Don’t Be a Frenabler!

Last night’s episode of Jersey Shore showed Nicole “Snooki” Polizzi getting arrested for some very drunk, disorderly, and beachy debauchery. In the process of being extremely drunk, the self-described “little meatball” forgot where the beach was, got tons of sand between her boobs, and told a policeman he was no fun.

Nevertheless, there was a sprinkle of sugar in Snooki’s shit cocktail.

"Going to jail is definitely embarrassing, but the fact that I have these people in the house that are supporting me… that makes me feel 100 times better." 

That’s sweet, Snooks. But in what way did Snooki’s friends really support her? I saw J-WOWW wipe away some of the sand between her boobs. But all in all, it seemed her roommates expected (nay, encouraged!) her to continue drinking. Why? Because helping her stop would be a cocktail cockblock.

I’d like to use this episode of Jersey Shore to remind everyone not to confuse friends with frenablers. What’s a “frenabler,” you ask? A frenabler is a pseudo-friend more dangerous than a frenemy and more seductive than a freneighbor. He’s someone who probably cares about you quite a bit… but not as much as he cares about his own situation.

So keep an eye out for frenablers, and more importantly, don’t become one yourself. If your friend says, “I think I have a drinking problem,” don’t respond, “I think you have a drinking solution!”

Be a friend instead.

Put the “Me” Back in Memes

As 2010 is thrust farther into the annals of history, I am blown away by all the great memes spurt forth from last year. Although we all lolled (and often facepalmed) at the meme eruption of 2010, I believe we missed a vital opportunity to understand what our memes say about ourselves.

I, for example, had a clear favorite meme last year: Double Rainbow all the way. What does this preference say about me? Possibly that I am an innate optimist; possibly that I’m on Peyote. Perhaps I simply have a deep philosophical angst that makes me look at something pretty and yell “WHAT DOES IT MEAN”.

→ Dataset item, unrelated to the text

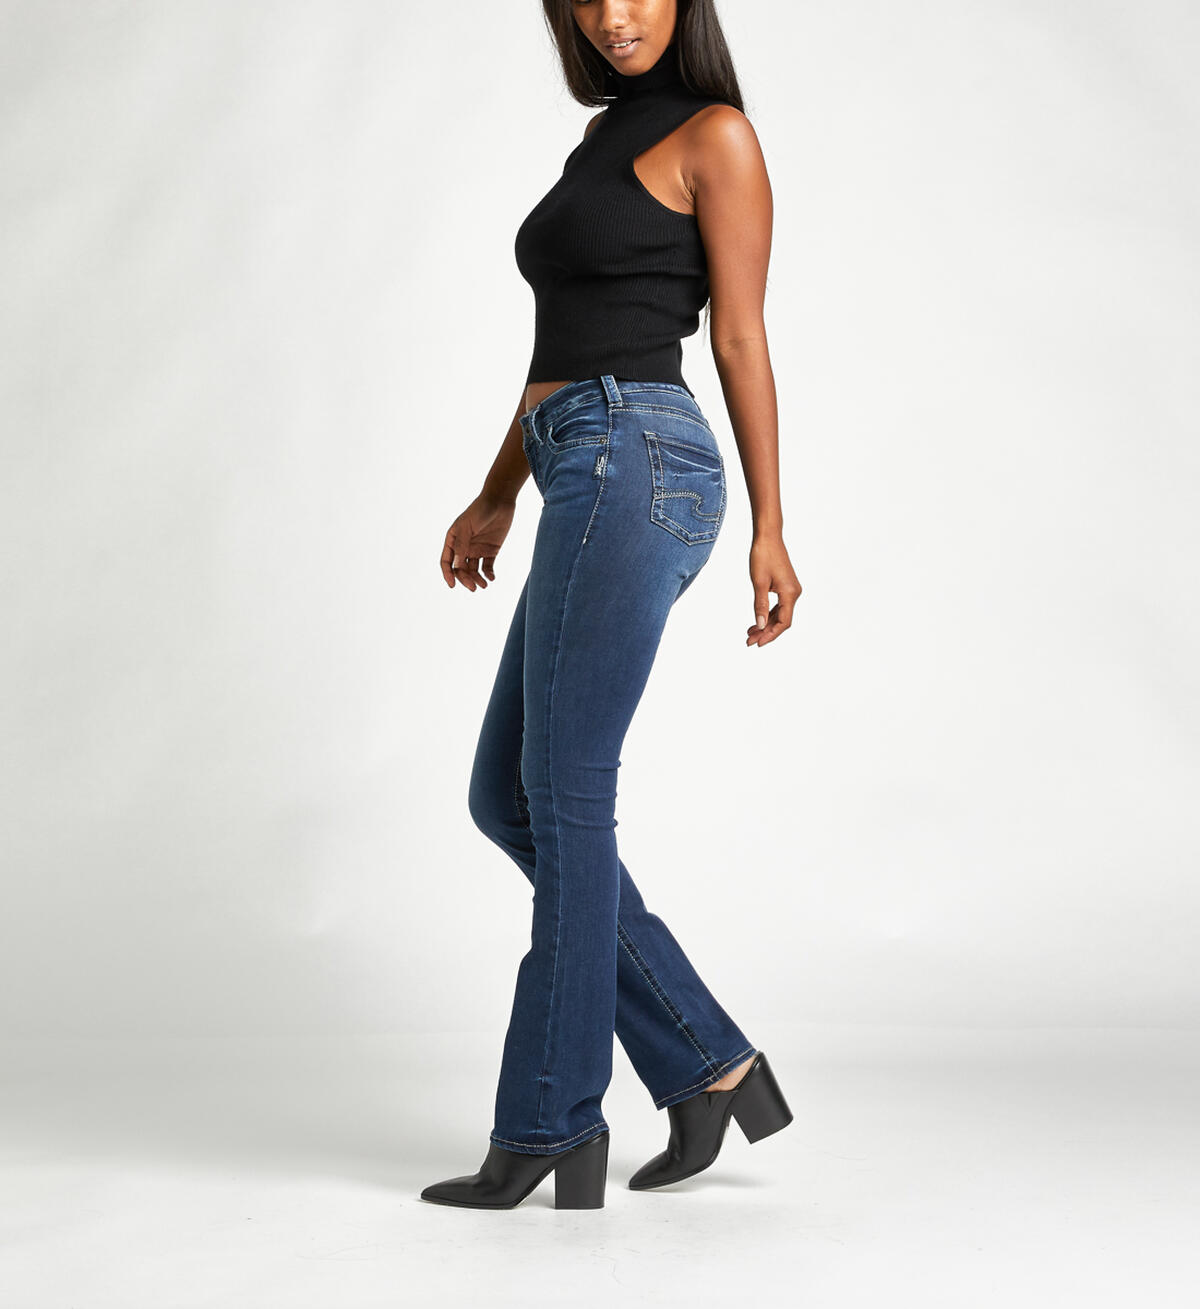 Aiko Mid Rise Slim Bootcut Jeans Final Sale, , hi-res image number 2

Whatever it means, you can learn a lot about yourself from what makes you lol. What do you think your favorite meme says about you? Here are some possibilities:

Sad Keanu: You are depressed :’(
Deal With It: You think Sad Keanu should deal with it.
Bed Intruder: You are a glass-half-full kind of person, even if your glass is filled with rape.
Meanwhile in X…: You are passive-aggressive and love to travel!
Magnets, How Do They Work?: You are ignorant of many things. But you are passionate about your ignorance and will probably succeed in life.
Vuvuzelas: You are fucking annoying.

So, WHAT DOES IT MEAN?! Only you can answer that for yourself.

Welcome to Therapop

Ever wanted to better yourself and mock celebrities at the same time? Ever missed your counseling appointment because a marathon of Pimp My Ride was on? If so, you’ve come to the right place.

You don’t have to sacrifice personal growth because you have a crippling addiction to media. The essence of self-help can be found in every judgy celebrity tweet, every frenemy-based reality show, every raptor-related Internet meme, everything every Kardashian has ever said.

Welcome to Therapop. Let’s get started.